I just learned of the "power through fixture" concept and it seems that WeMo dimmer switch isn't compatible with it.

I want to believe that what I have in my apartment is NOT power through fixture. But is there any way for me to check if it is?

  • Do you have a link that explains what you mean by "power through fixture"?
    – JPhi1618
    Jan 16 '18 at 20:36
  • Also, what country are you in? I noticed your last question has a brown wire, so I'm thinking you're not in the US...
    – JPhi1618
    Jan 16 '18 at 20:42
  • that's when you need to use a tungsten bulb (or other medium-heavy load) to power a dimmer/lighted switch/motion detector/dusk-to-dawn and other power-needed "switches" that don't need a neutral. Since the Wemo needs a neutral, you can't parasitically power it like that, which is a good thing anyway: those devices have compat issues with lots of low-power bulbs.
    – dandavis
    Jan 16 '18 at 20:42
  • @JPhi1618 Soutern Ontario in Canada. The power through fixture from what I understand is this: howtowirealightswitch.com/wp-content/uploads/2014/09/…
    – Metal Wing
    Jan 16 '18 at 20:51
  • 1
    oh, and if you have a wemo working, you must have a neutral to be powering it...
    – dandavis
    Jan 16 '18 at 21:13

Actually, the thing you're referring to is called a switch loop.

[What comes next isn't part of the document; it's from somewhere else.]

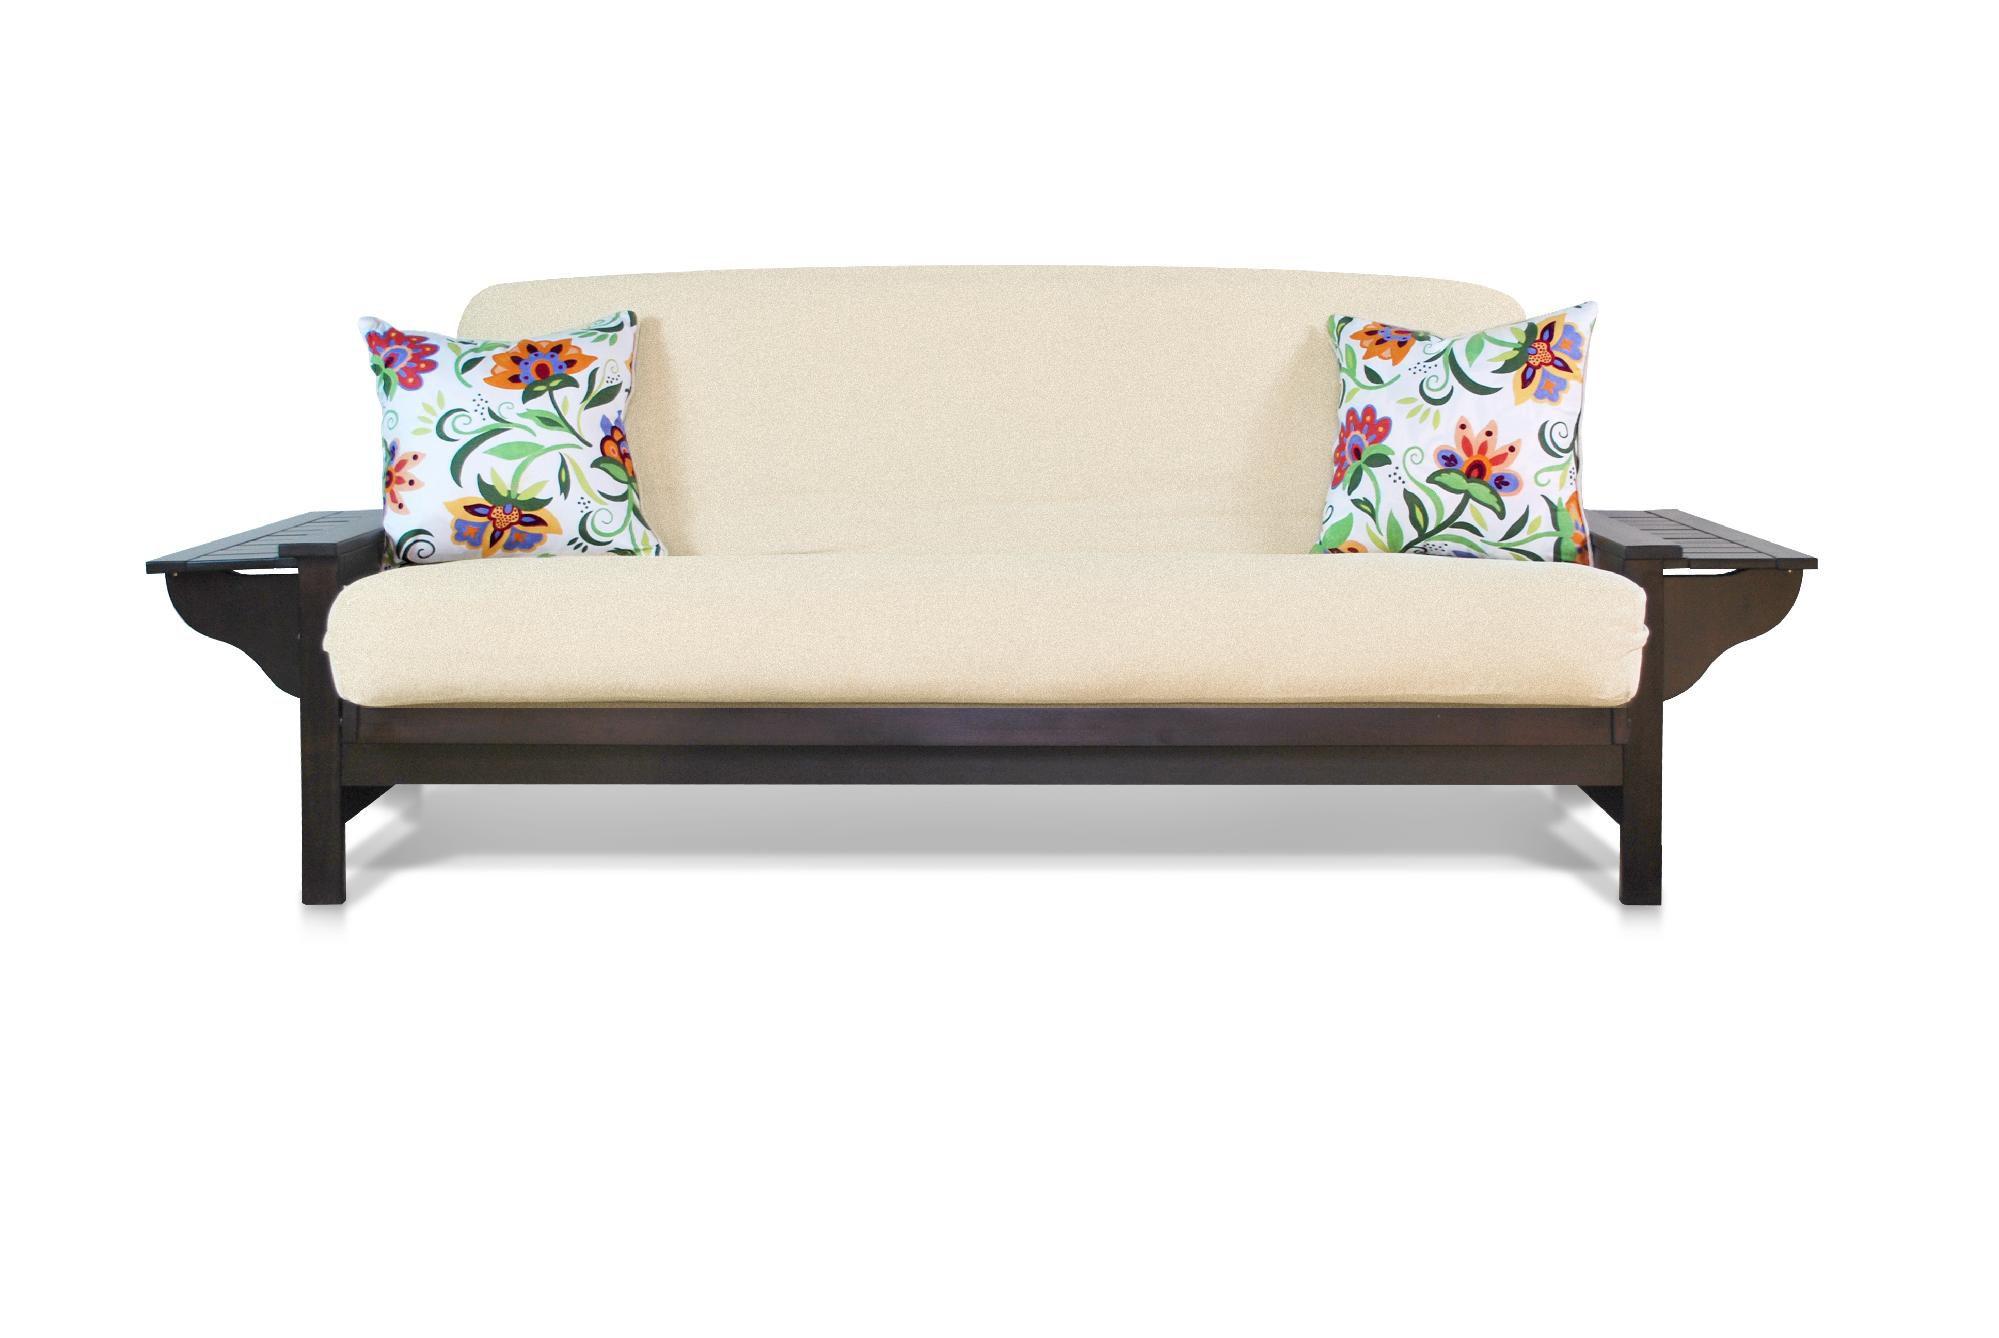 sofa bed covers kmart milan white leather american furniture alliance futon cover set big botanica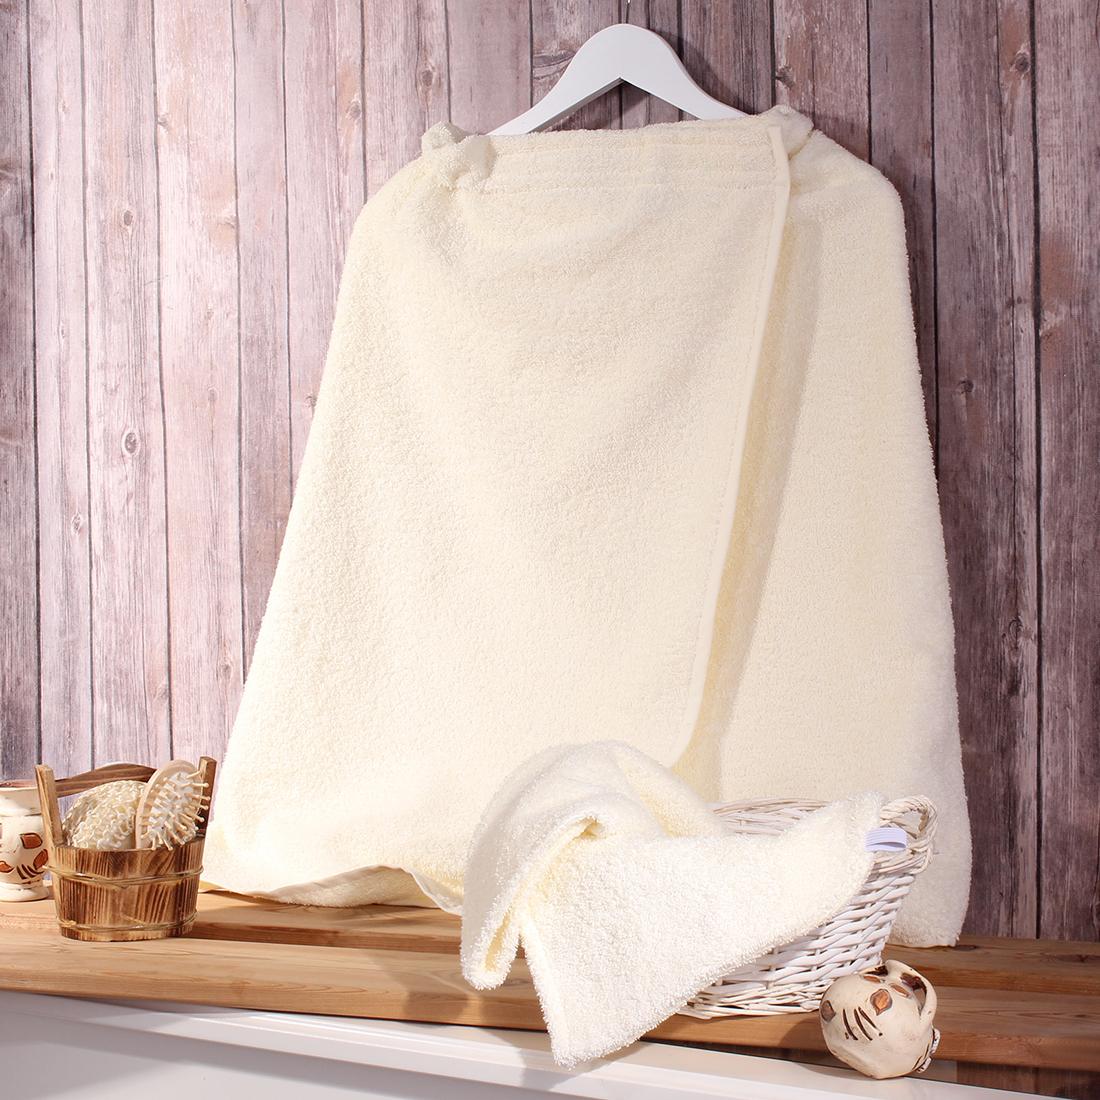 Комплект для бани Dome  Harmonika , цвет: молочный, 2 предмета. dme333633 -  Баня, сауна

You can find out if you have a switch loop by opening up the switch, pop off hte cover plate and pull the switch out a bit.

If you see one cable coming into the box with two wires (white and black), and both go to the switch itself (as well as ground if present), that is a switch loop.

If you see one cable, but it has black, white and red wires -- and black and red go to the switch and white is capped off and connected to nothing -- that is also a switch loop, however it complies with current code, and that white wire is the neutral wire the smart switch is looking for.

If you see one cable with black-white-red, and all three go to the switch, see "3-way switches" below.

If you see two cables coming into the box, and the whites from each cable are wire-nutted or spliced to each other in the back of the box... and one wire from each cable goes to the switch (aside from grounds)... that is power at the switch. That configuration is friendly to the use of smart switches. The white wires bundled together are the neutral, and they are not "spare", they are in-use as part of the circuit. The smart switch's neutral can be added to these.

If you see three wires (other than ground) going to 3-4 different terminals on the switch, and 1-2 of those terminal screws are black... that's a different thing, that's a 3-way switch. That is more complicated. But as far as smart switches, you have more options if you have that nice 3-way cable with its red wire.